New York Alternative Certification Programs

(found programs from 27 schools)

The New York State Board of Regents first approved alternative teacher preparation (ATP) programs in 2004 as a means to address critical shortages of properly licensed and/or highly qualified teachers. According to a fact sheet on the New York State Education Department website, the board hoped to attract "highly competent people" with bachelor's degrees in fields other than education.

The initiative appears to have been successful. In 2008-2009 alone, over 2000 New York teachers received certification through an alternate route according to the National Center for Alternative Certification.

Now, the role of alternative certification programs in New York is expanding further. Last year, a Board of Regents vote made it possible for alternative certification program's to issue master's degrees, providing an attractive alternative to education school master's programs.

The New York State Department of Education has stringent requirements for entrance into an ATP. Candidates must participate in a 200-hour introductory component, which includes 40 field hours before becoming employed full-time. Once employed, teachers complete additional coursework and training as prescribed by the school district in partnership with a local educational organization.

One such program is Buffalo State College's Master of Science in physics education. It is designed for individuals that hold undergraduate degrees but have not completed teacher preparation coursework. Physics is a critical teacher shortage area in New York so program graduates are likely to have plentiful job options.

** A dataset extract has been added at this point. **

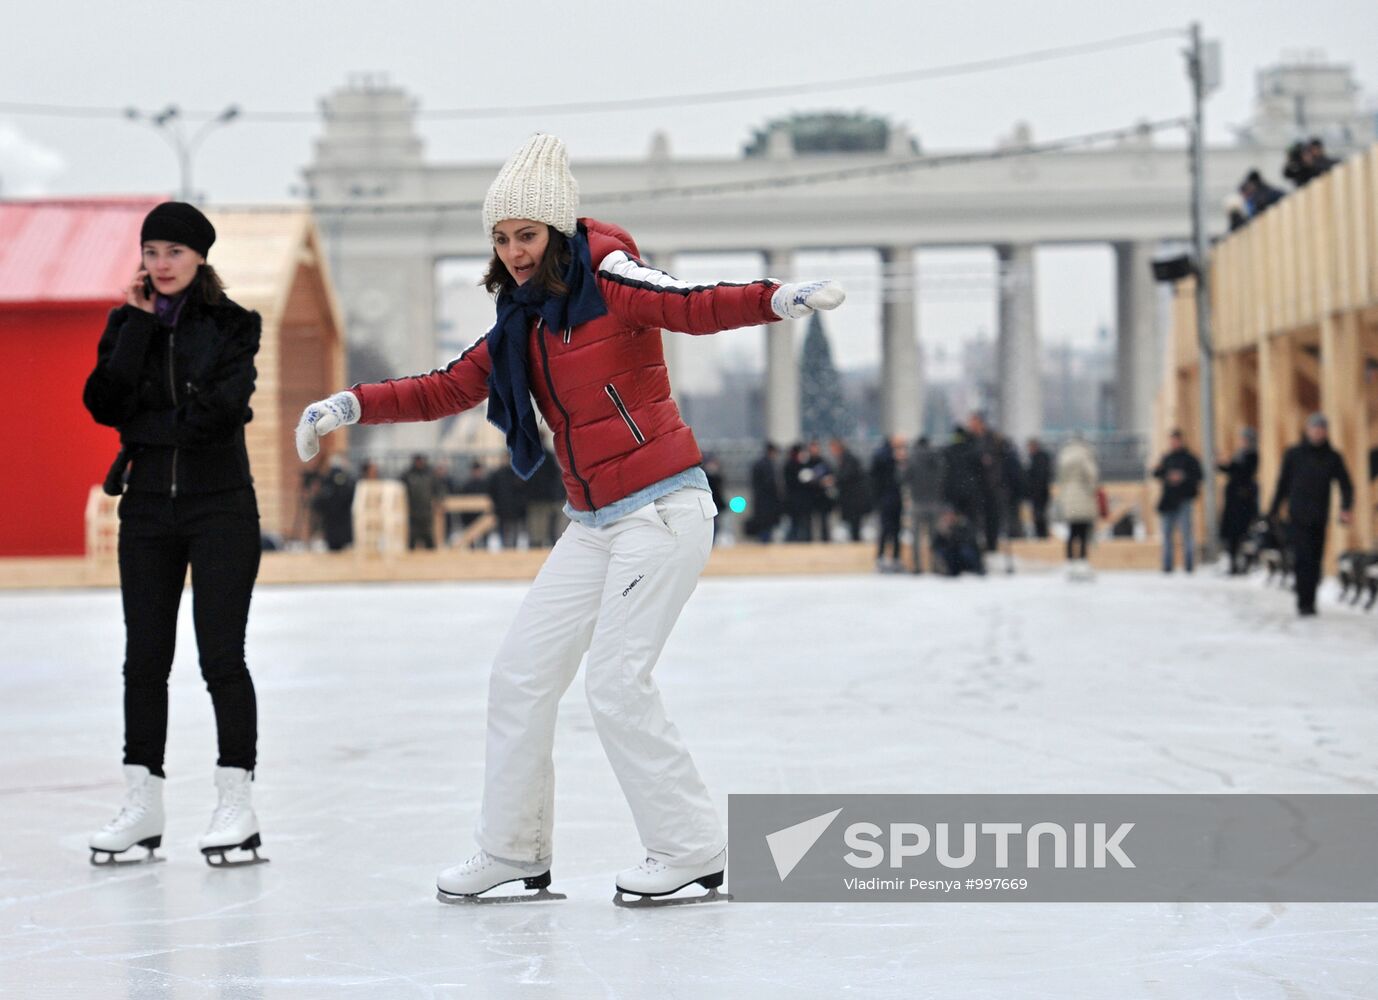 Skating rink opens at Moscow's Gorky Park

The NYC Teaching Fellows program is for aspiring teachers who are passionate about improving student achievement in the city's most under-served and challenging schools. The program has an impressive track record. Since its inception in 2000, NYC Teaching Fellows has provided the New York City public school system with over 16,000 new teachers. According to the program website, 11 percent of teachers in NYC public schools started their careers as NYC Teaching Fellows. Program participants are called "Fellows" and they begin their journey with a pre-service training program. Fellows then teach full-time while earning a master's degree in education at a partner university.